Let’s make some experiments.

I will create a table, insert 100 000 rows into it and then create a nonclustered Columnstore index. All the rows will go to the compressed row group. After that, I insert one more portion of 100 000 rows, that is not enough to go directly to a compressed row group, so a delta store will be created and the new rows will go to it.

use opt;

-- Creating a table

drop table if exists dbo.Orders;

create table dbo.Orders(OrderID int, CustomerID int, OrderDate datetime, Note varchar(max));

-- Inserting 100 000 rows

with cte as (select top(100000) rn = row_number() over(order by (select null)) from sys.all_columns c1, sys.all_columns c2)

insert dbo.Orders(OrderID, CustomerID, OrderDate, Note)

select

rn,

rn%10000,

dateadd(dd, rn%10000, '20161201'),

replicate('a', 8001)

from

cte

;

-- Creating nonclustered columnstore index, and all the rows are compressed and goes to compressed row groups

create nonclustered columnstore index ncci on dbo.Orders(OrderID, CustomerID, OrderDate);

-- Inserting 100 000 rows, all these goes go to delta store

with cte as (select top(100000) rn = row_number() over(order by (select null)) from sys.all_columns c1, sys.all_columns c2)

insert dbo.Orders(OrderID, CustomerID, OrderDate, Note)

select

rn+100000,

rn%10000,

dateadd(dd, rn%10000, '20161201'),

replicate('a', 8001)

from

cte

;

-- Check that we have two row groups, compressed and delta store

select * from sys.column_store_row_groups where [object_id] = object_id('dbo.Orders')

The result is:

Note: Notice, that I created a varchar(max) column in a table, that was done deliberately, because I wanted to test if LOB columns are supported in 2017. Unfortunatelly, when I tried to create a nonclustered Columnstore index, I got an error:

The statement failed. Column ‘Note’ has a data type that cannot participate in a columnstore index. Omit column ‘Note’.

However, if you create a clustered Columnstore, you will succeed! Though, you will get the following warning in CTP 1.2:

Warning: Using Lob types (NVARCHAR(MAX), VARCHAR(MAX), and VARBINARY(MAX)) with Clustered Columnstore Index is in public preview. Do not use it on production data without backup during the public preview period.

I think it is great that we can now have LOB varchar columns in Columnstore, because it was a blocker for some scenarios, at least I have seen some of those.

Now, let’s look at the update plans under compatibility level of SQL Server 2016 (130) and SQL Server 2017 (140):

-- SQL Server 2016

alter database opt set compatibility_level = 130;

set showplan_xml on;

update o

set

o.OrderDate = getdate()

from

dbo.Orders o

where

o.OrderID = 100001;

set showplan_xml off;

-- SQL Server 2017

alter database opt set compatibility_level = 140;

set showplan_xml on;

update o

set

o.OrderDate = getdate()

from

dbo.Orders o

where

o.OrderID = 100001;

set showplan_xml off;

The plans are:

The first plan is a per index plan, that means that a server will apply changes in each index one after another separately.
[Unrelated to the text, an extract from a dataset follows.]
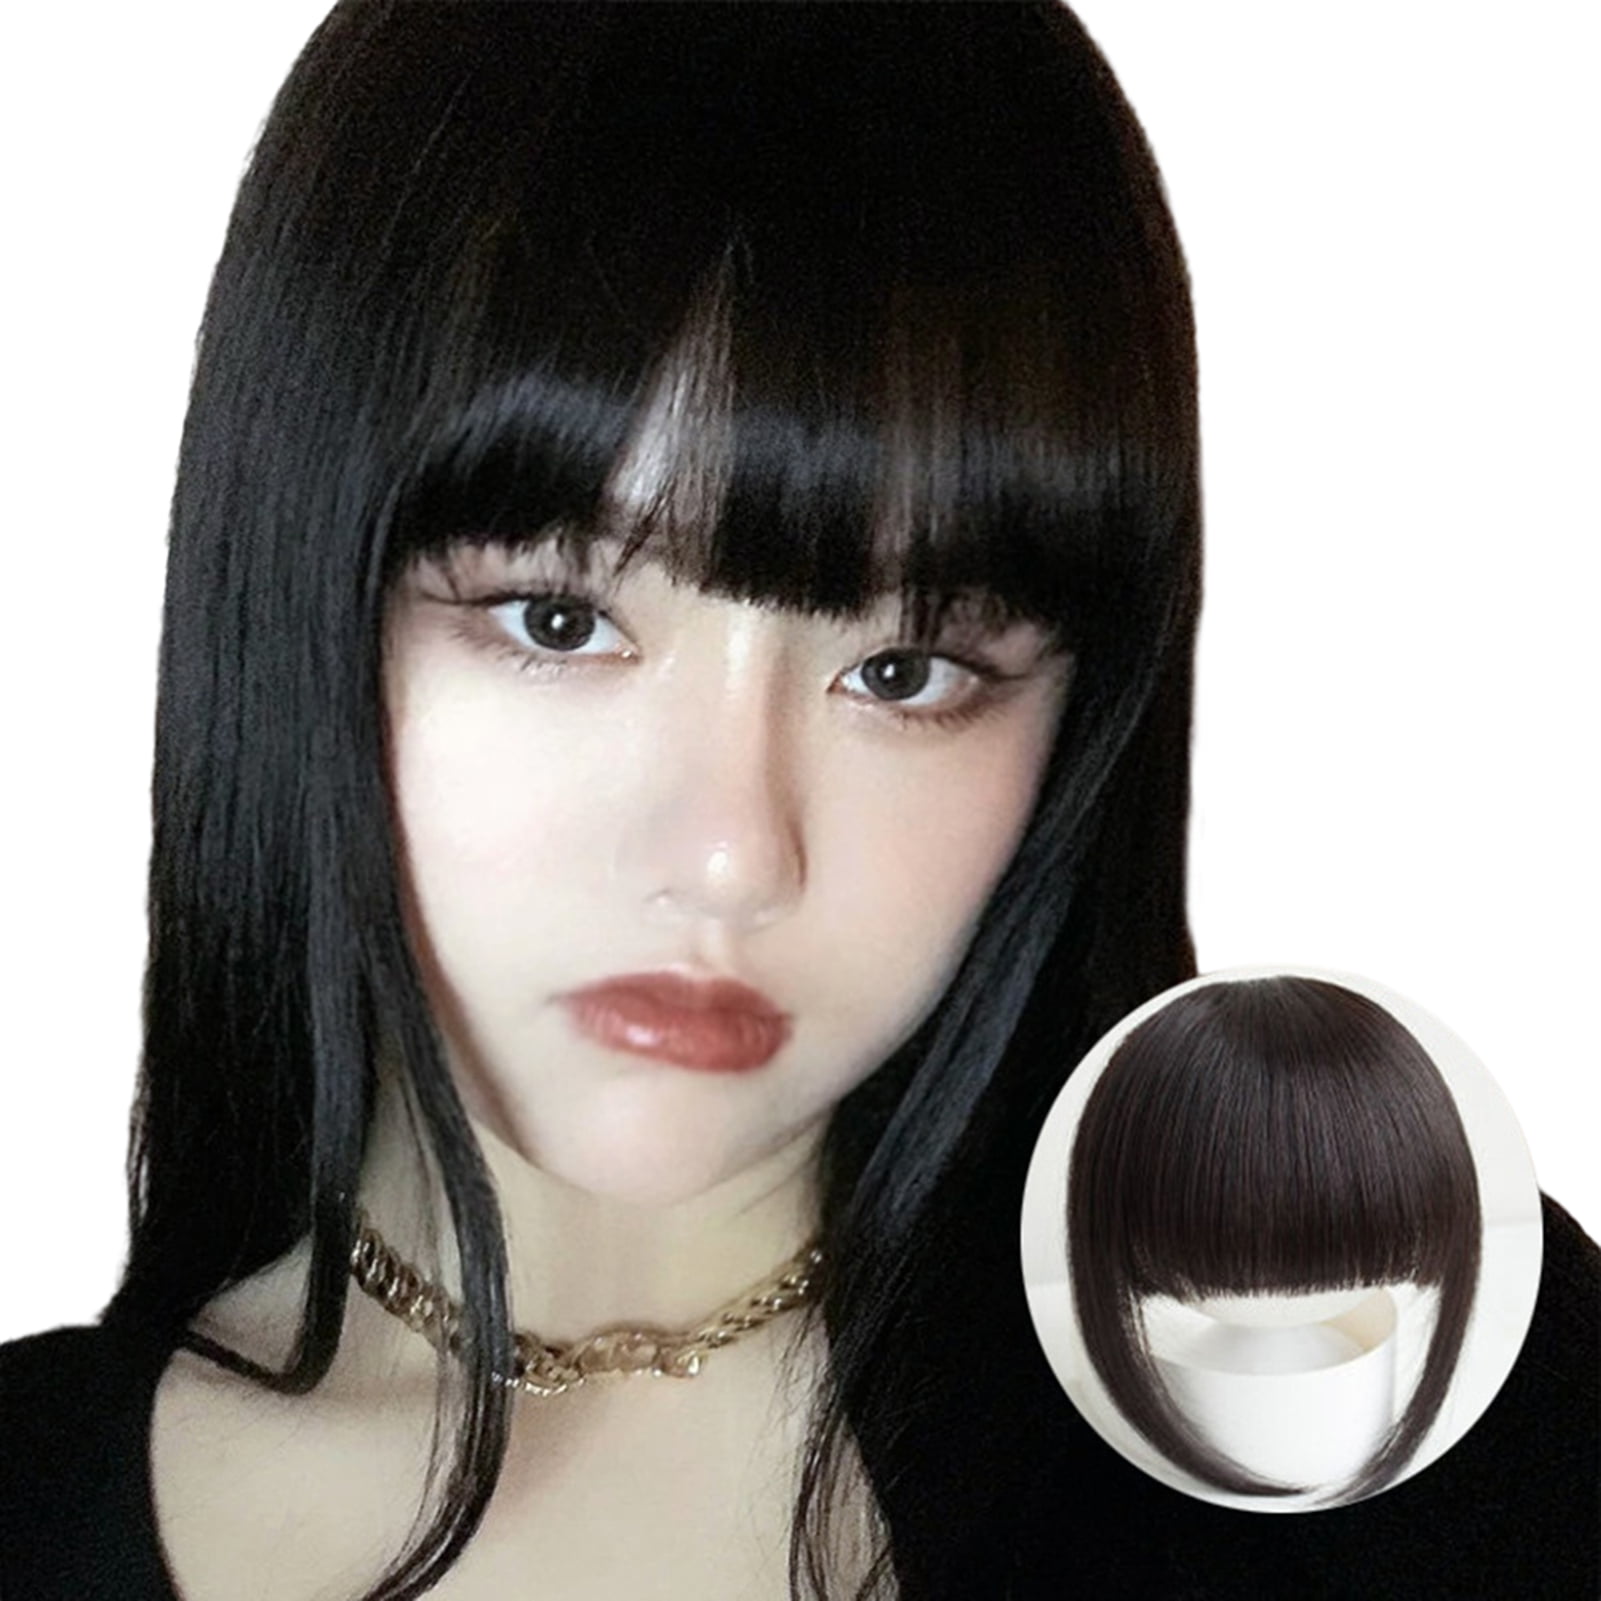 Duretiony Clip-In Fringes Hair Extension Straight Bangs Hairpiece for

The second plan is a per row plan, and the changes are done in one iterator. Usually, if a small portion of rows is updated, the per row plan is cheaper and more convenient.

We can see, that in 2017 the per-row narrow plan is now possible.

Next, we will check the in-place updates for delta stores. That means that an update operator should not be split as insert + delete, but rather done in place as a single update.

We will issue an update of the delta store row (OrderID > 100000) and then query transaction log, to see, what is done, was it an insert + delete or update. We do this first under compatibility level 2016 and then under 2017.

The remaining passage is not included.